Files
gps-denied-onboard/_docs/02_document/tests/blackbox-tests.md
T

504 lines
19 KiB
Markdown
Raw Blame History

This file contains ambiguous Unicode characters
This file contains Unicode characters that might be confused with other characters. If you think that this is intentional, you can safely ignore this warning. Use the Escape button to reveal them.
# Blackbox Tests
## Positive Scenarios
### FT-P-01: End-to-End Position Accuracy — 50m Threshold
**Summary**: Validate that ≥80% of frame positions are within 50m of ground truth GPS across a full 60-frame flight sequence.

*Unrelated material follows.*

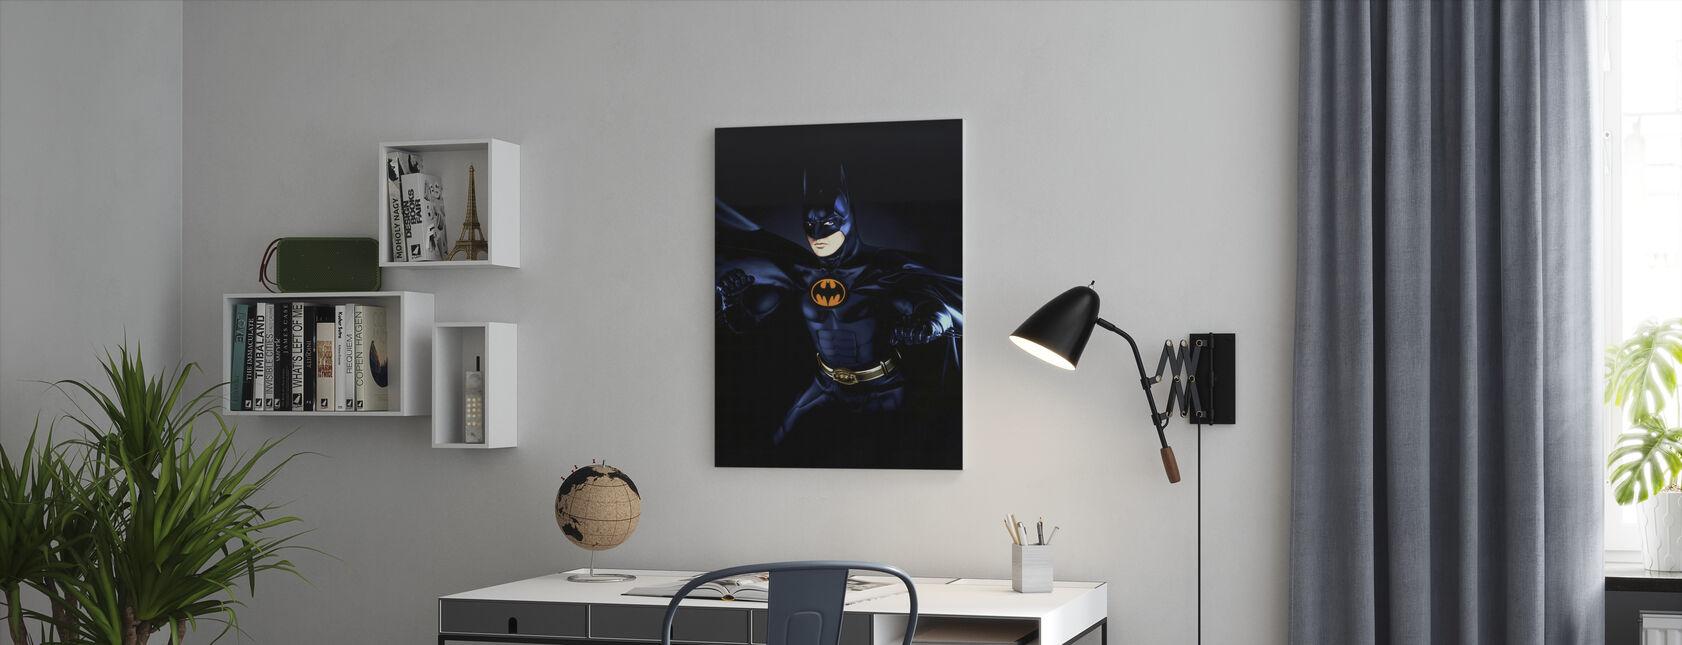 Michael Keaton in Batman Returns - Canvas print - Kantoor

**Traces to**: AC-01 (80% within 50m)
**Category**: Position Accuracy
**Preconditions**:
- System running with SITL ArduPilot (GPS_TYPE=14)
- Camera replay serving flight-sequence-60 at 0.7fps
- Satellite tiles for test area loaded
- System has completed startup (first satellite match done)
**Input data**: flight-sequence-60 (60 frames), coordinates.csv (ground truth), position_accuracy.csv (thresholds)
**Steps**:
| Step | Consumer Action | Expected System Response |
|------|----------------|------------------------|
| 1 | Start session via POST /sessions | HTTP 201 with session ID |
| 2 | Subscribe to SSE stream GET /sessions/{id}/stream | SSE events begin at ~1Hz |
| 3 | Wait for camera-replay to complete all 60 frames (~86s at 0.7fps) | Position events for each processed frame |
| 4 | Collect all position events with lat/lon | 60 position estimates (some frames may have multiple updates) |
| 5 | For each frame: compute haversine distance between estimated and ground truth position | Distance array |
| 6 | Count frames where distance < 50m, compute percentage | ≥80% |
**Expected outcome**: ≥48 of 60 frames have position error < 50m from ground truth in coordinates.csv
**Max execution time**: 120s
---
### FT-P-02: End-to-End Position Accuracy — 20m Threshold
**Summary**: Validate that ≥60% of frame positions are within 20m of ground truth GPS.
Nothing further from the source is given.